First Car, Lasting Memory

By: Kayla Tausche (View Profile)

Bonnie Collins
    
“It was Chevy’s answer to the Volkswagen Beetle,” Bonnie says of the Chevrolet Corvair she inherited from her older brothers and sisters during high school in Fayetteville, North Carolina.
    
The car, which Bonnie likes to boast won Motor Trend’s Car of the Year years before she started driving it, wasn’t without its problems. When the car stalled, passengers had to push it so she could pop the clutch and keep going. And she had to keep a couple gallons of crude oil in the backseat because of a small oil leak in the engine.
    
“I probably should’ve died from carbon monoxide poisoning,” she figures, remembering that she knew it was time to add more oil when it seeped into the fan-cooled engine, infiltrating the car. “I remember thinking, ‘It sure smells a lot like oil in here!’”
    
But the car was hip, with a maroon exterior—she preferred to call it “Cabernet”—and white leather interior.
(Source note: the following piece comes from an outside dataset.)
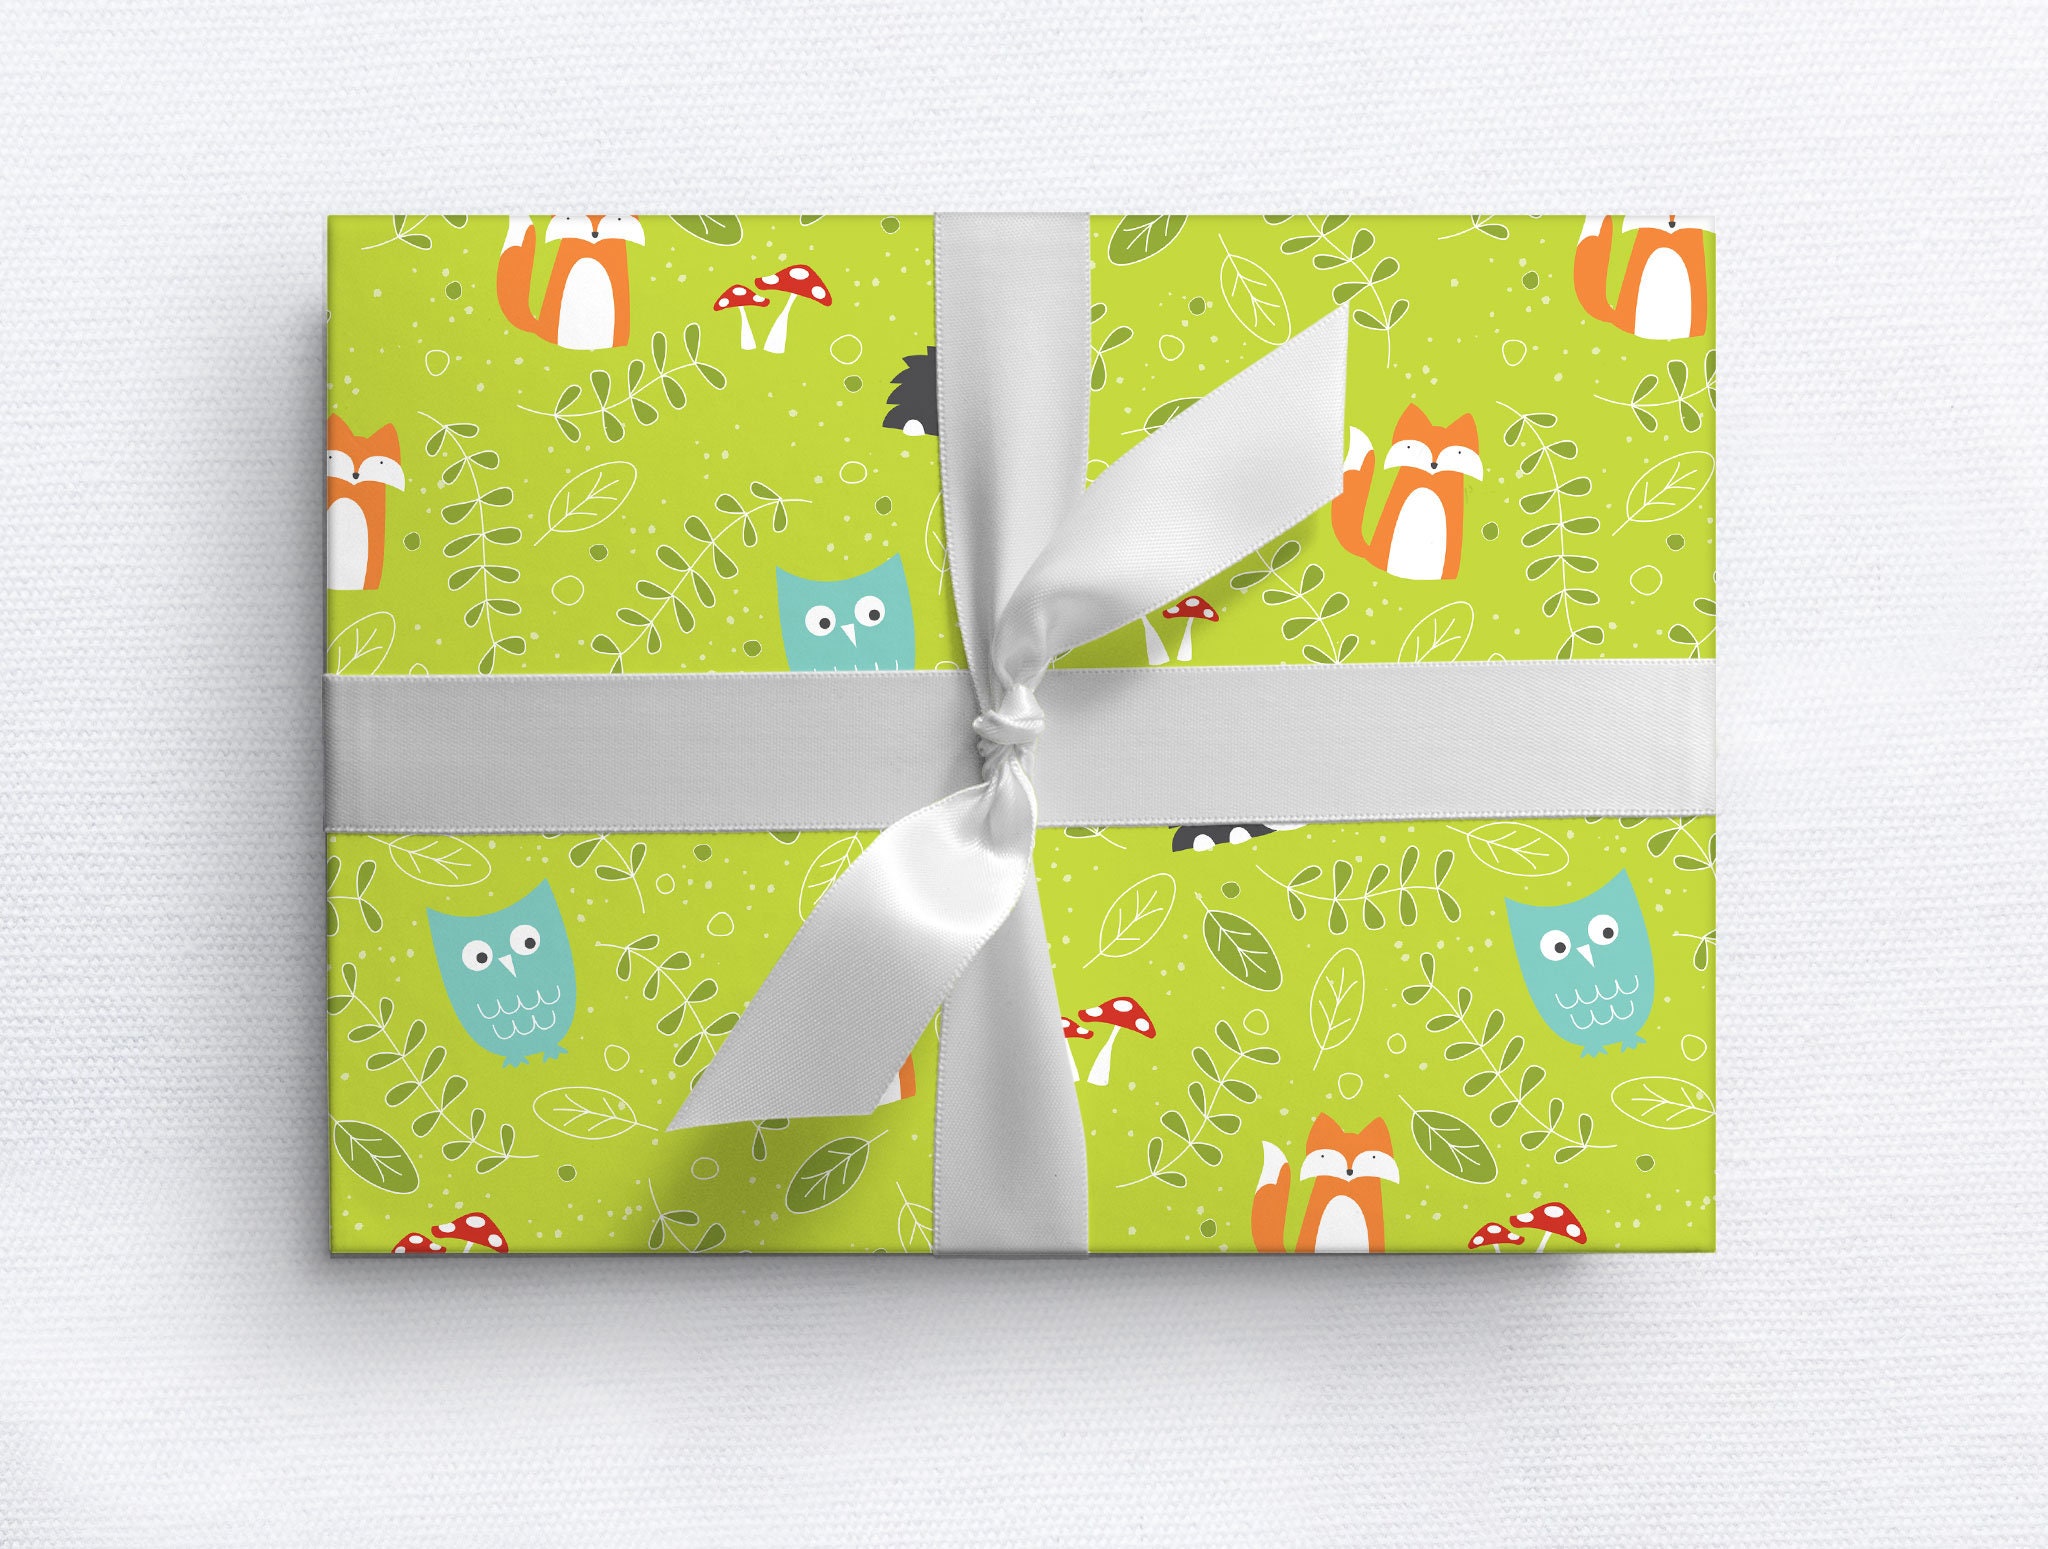 Woodland Animals Gift Wrap — Wildship Studio
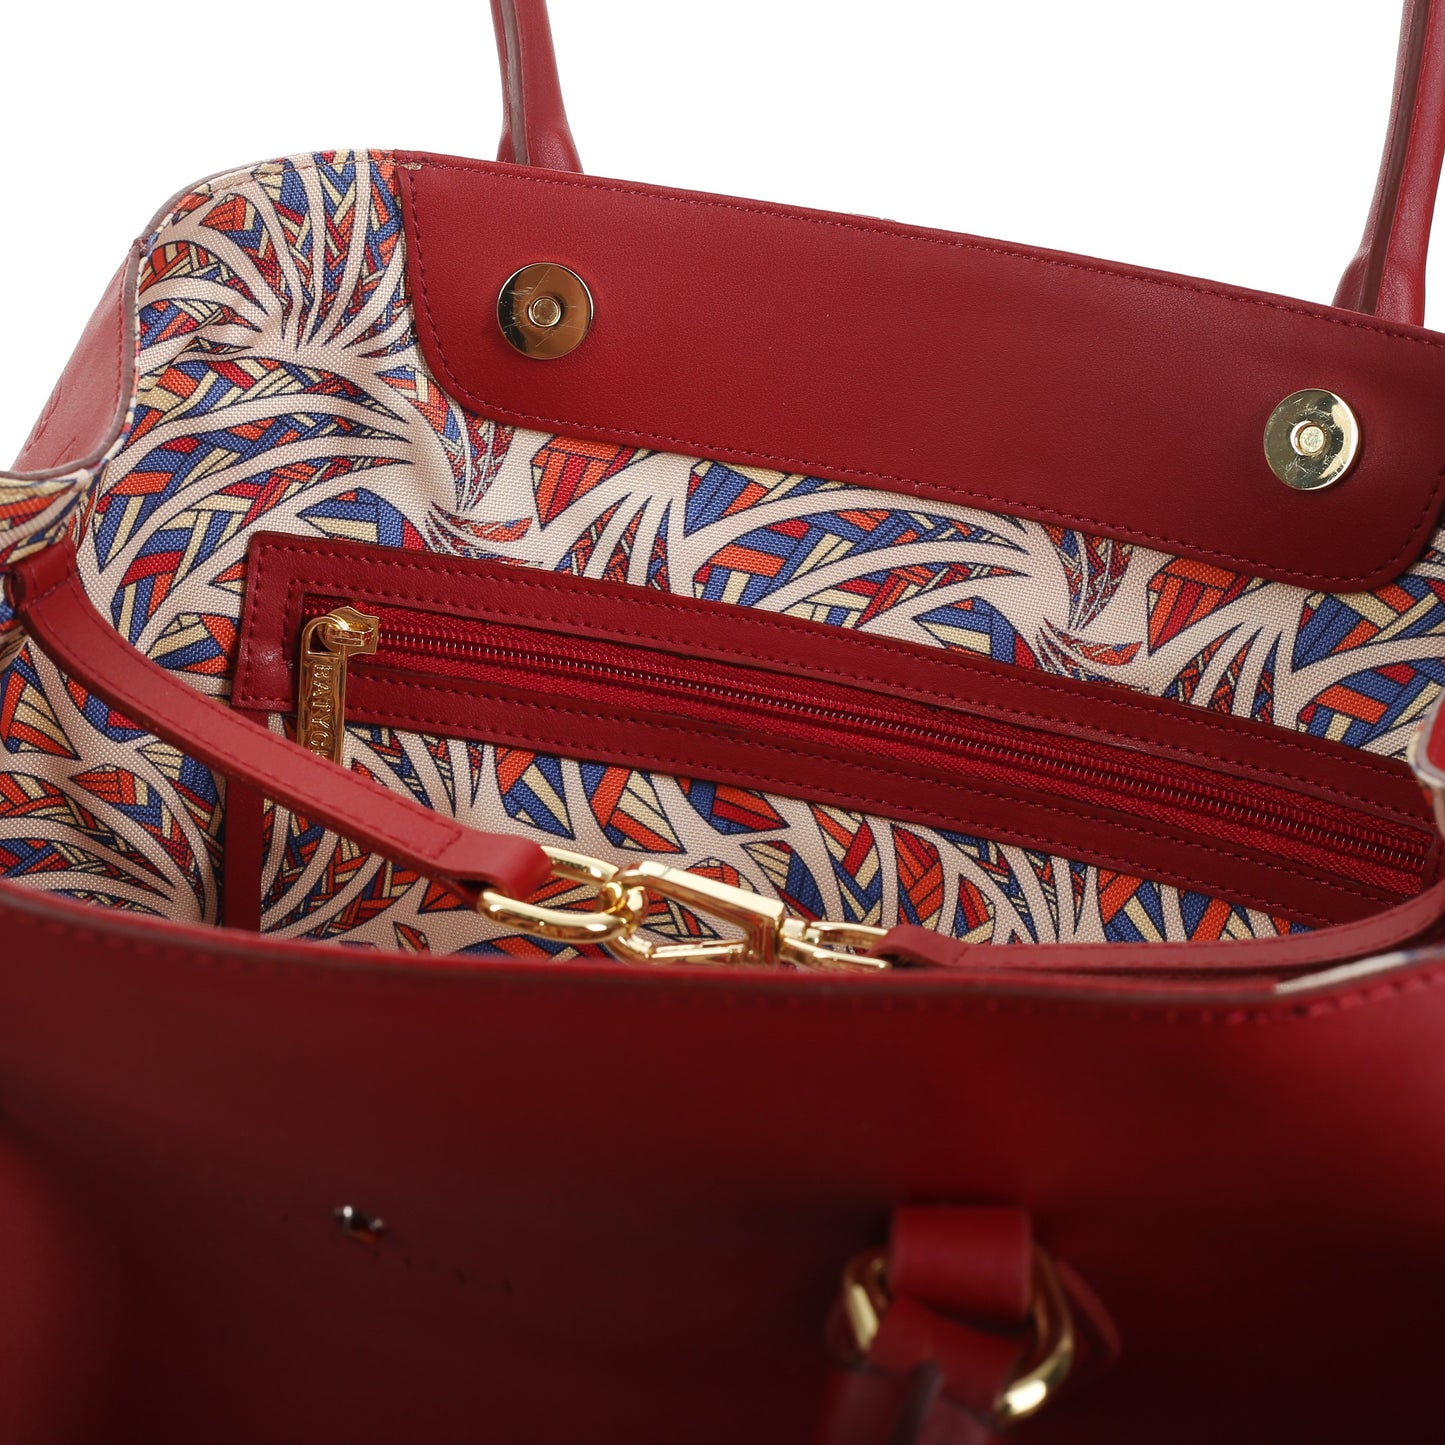 MAMMA NAPA CLARET women's leather handbag

Bonnie, now in her fifties and working in real estate, liked to impress guys with her knowledge of the bucket-seated car that takes its name from the Chevrolet Corvette and Belair.
    
“Guys would come up to the car and rave about its dual-carbs, and I would say, ‘Dual-carbs, yeah! Those are awesome!’ and suddenly I was a hit!” she laughs.
    
And when a freak snowstorm hit North Carolina during midterm exams, her dream came true. After taking her only exam, she took back-roads to avoid the icy main passages. But as she approached a steep hill, her car lost control.
    
“It became like a sled, and here I was, just sliding down the hill,” she says.
    
The car skidded to a stop just in front of the house of her longtime crush.
    
“So he invited me in, and we drank hot chocolate, and we just waited for them to clear the roads so my Dad could come get me,” she remembers. “And then, we had to come back to get the car, so it was a second chance to see him.”
    
Ralph Nader’s release of the book Unsafe at Any Speed, examining the dangers of the Corvair, which killed comedian Ernie Kovac years earlier, might have contributed to her decision to discard the Cabernet beauty.
    
But she didn’t stray far—she ended up with its close cousin and closer enemy, the Volkswagen Beetle.